- INFORMATION SHOWN:

□ □ □

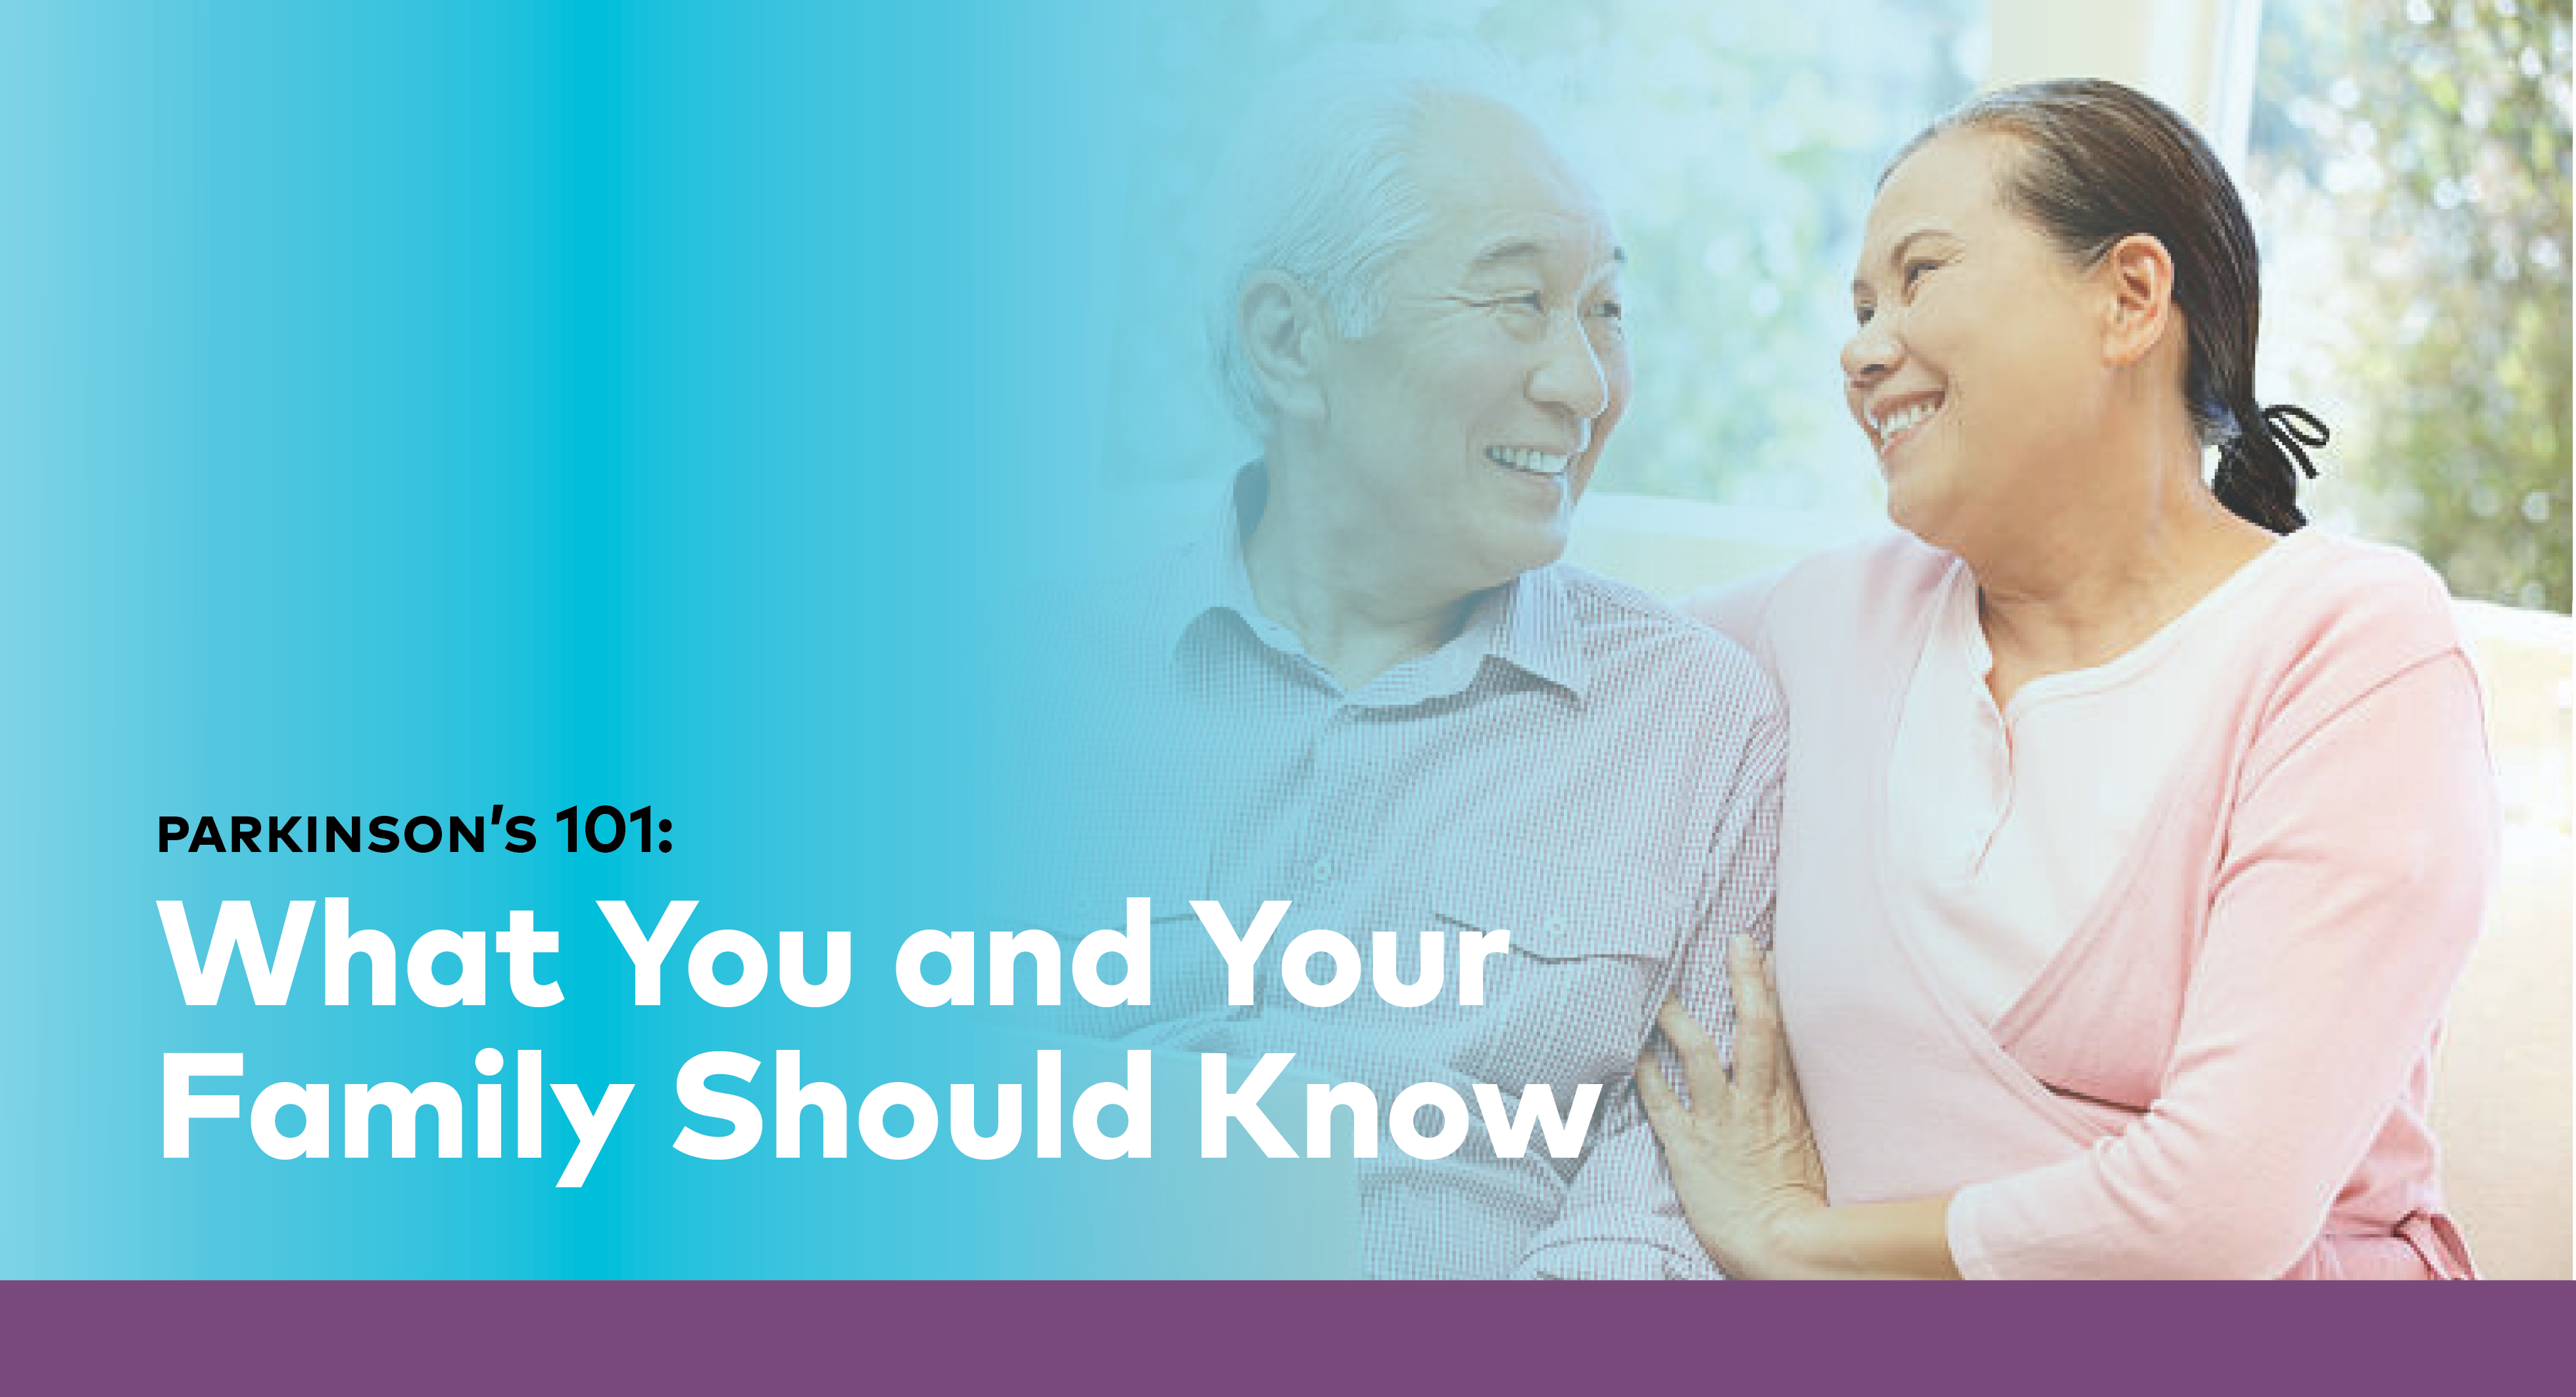 Parkinson's 101: What You and Your Family Should Know
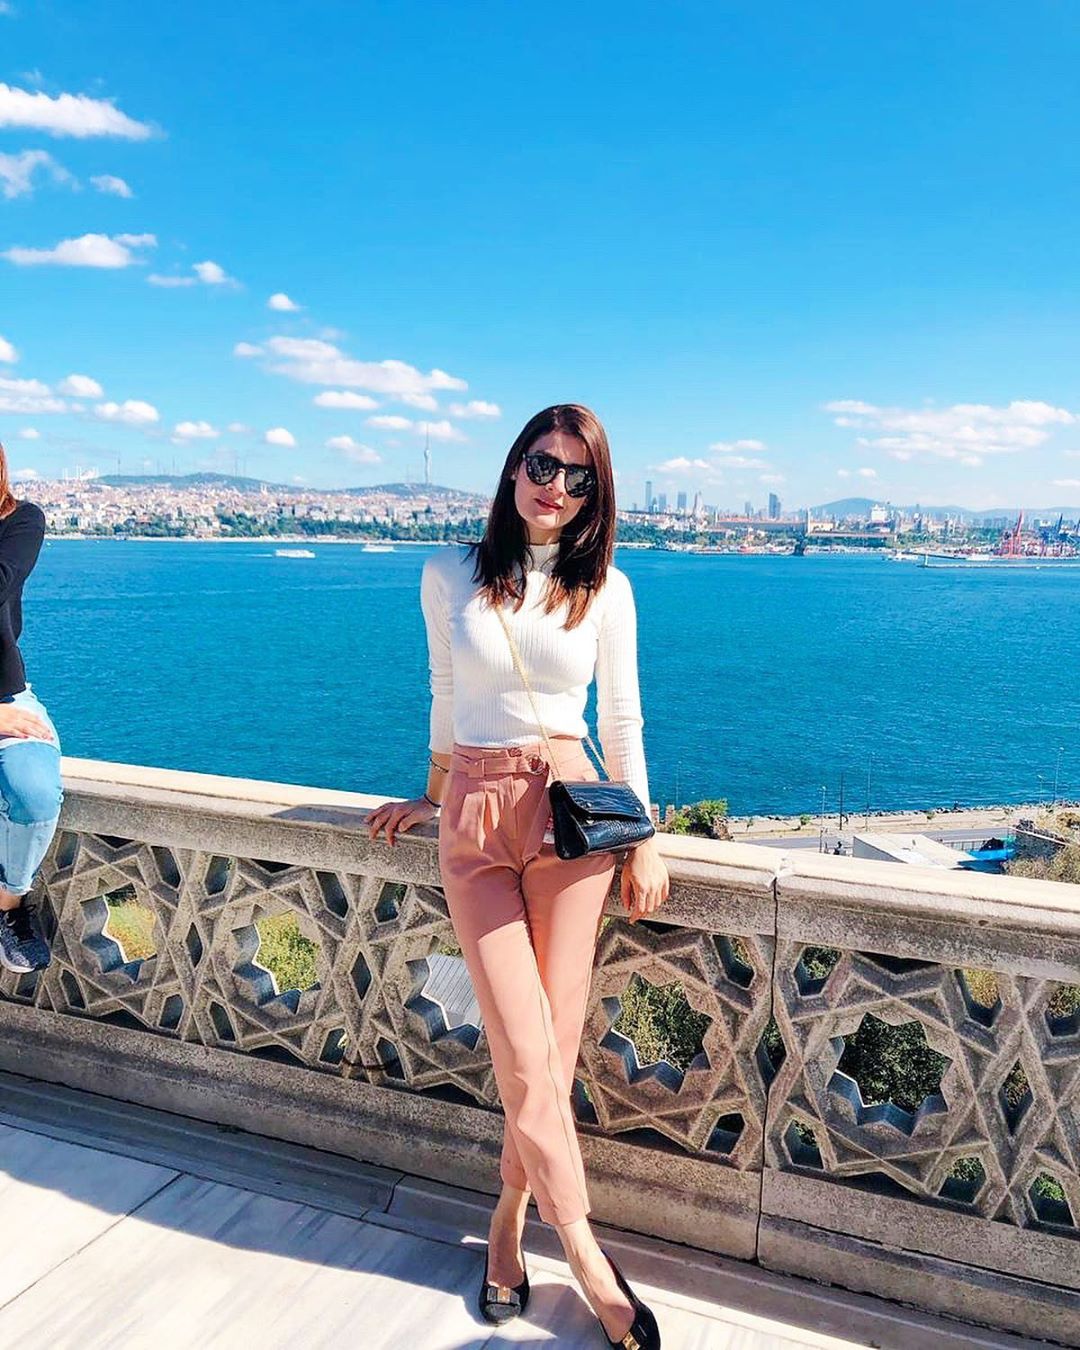 Actress Amna Malik's Latest Beautiful Pictures From Istanbul Turkey
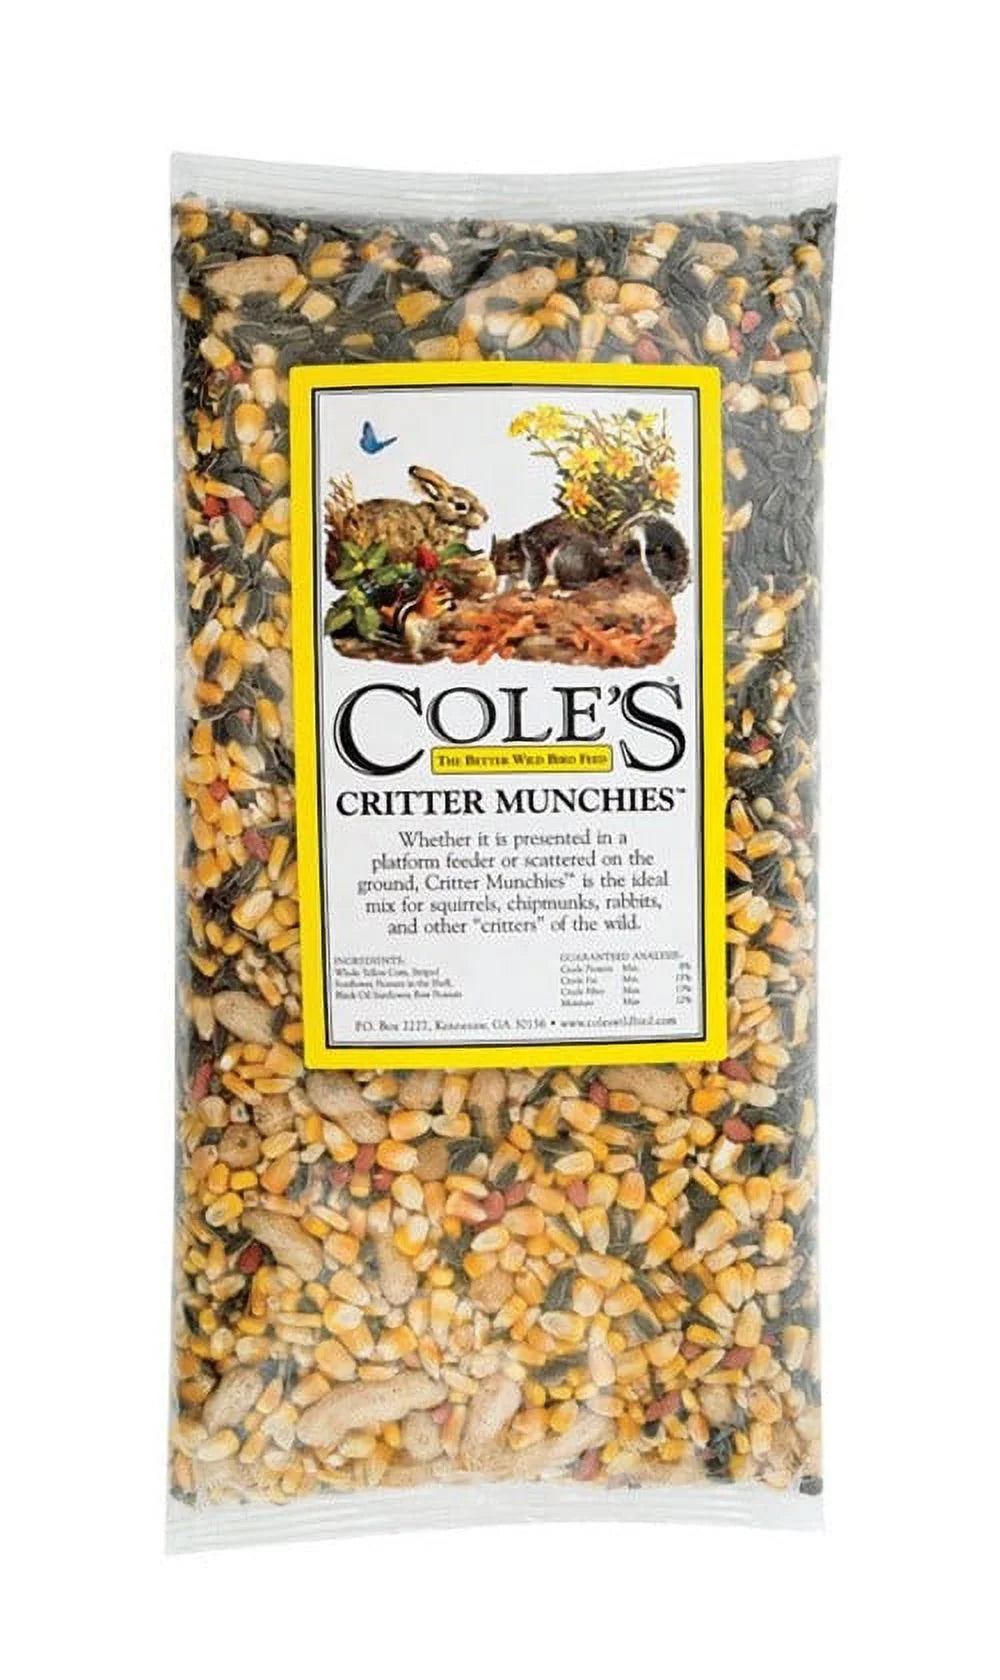 A fun mix of peanuts, corn and more great for Squirrels and Rabbits

□ □ □

- TASK TO COMPLETE:
Leave every image out, and retype the material exactly.

- ANSWER BELOW:
 Parkinson's 101: What You and Your Family Should Know
 Actress Amna Malik's Latest Beautiful Pictures From Istanbul Turkey
 A fun mix of peanuts, corn and more great for Squirrels and Rabbits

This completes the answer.